The algorithms in this library compute explanations that resemble those of methods based on computing Shapley values (e.g. [shap](https://github.com/shap/shap)). Together with any prediction, also the *relevance* of the features in making the prediction is computed. The relevance is not computed just with respect to single features, but rather with respect to *sets of features*, as the interaction of different features could be a stronger indicator for some prediction tasks. For instance, if we want to flag suspicious hotels in a city, a hotel in a good location is not necessarily suspicious, and also a low-price hotel is not necessarily suspicious. However, the combination of the two things, a hotel in a good location and with low prices, might rise our suspiciousness.

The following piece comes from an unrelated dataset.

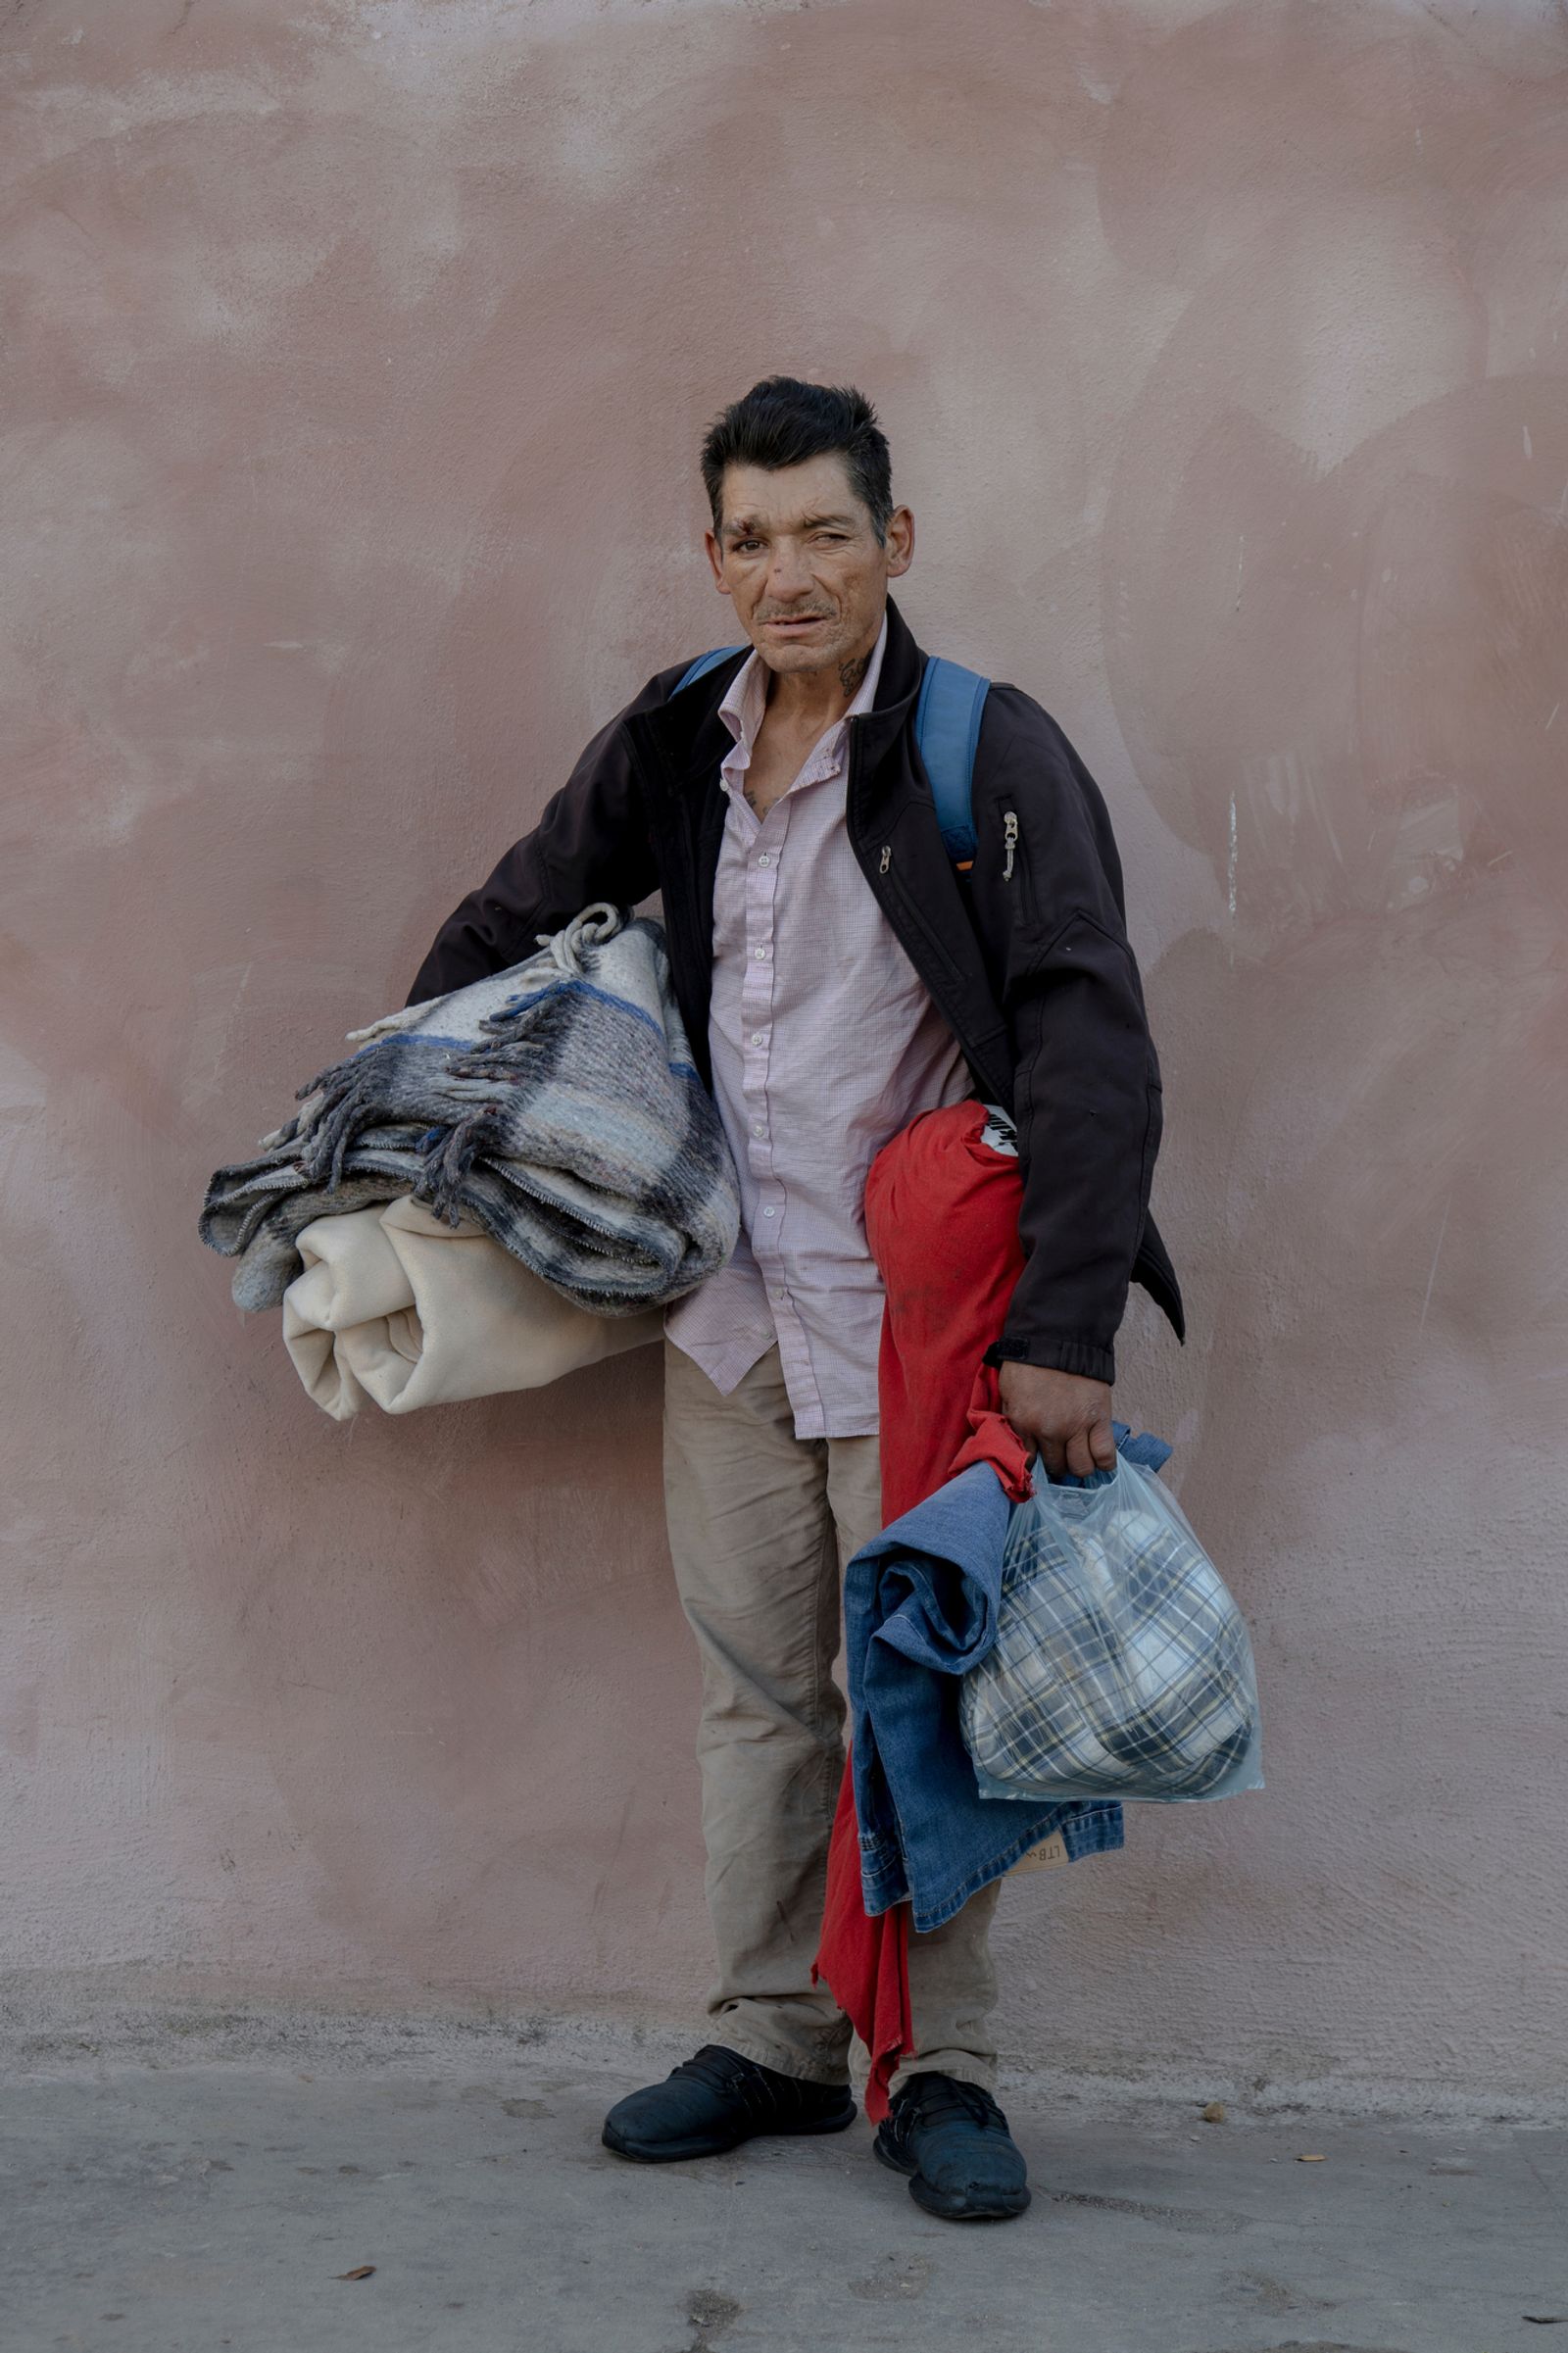 © Kitra Cahana - Image from the Caravana Migrante photography project

Roughly speaking, these algorithms generate agents, and each agent looks at the data from a different perspective: each agent observes only a given set of features, and uses it to create a hierarchical categorization of the data (a formal ontology, using FCA), which they use to make a prediction. After all agents have made their predictions, their scores are suitably combined into a final prediction, and their contribution in this deliberation corresponds to the relevance of the feature set they are observing.

To see an example, let's first install the library. To do that it is sufficient to run

In [1]:
!pip install mlconcepts

Collecting mlconcepts
  Downloading mlconcepts-0.0.1a5-cp310-cp310-manylinux_2_17_x86_64.manylinux2014_x86_64.whl (256 kB)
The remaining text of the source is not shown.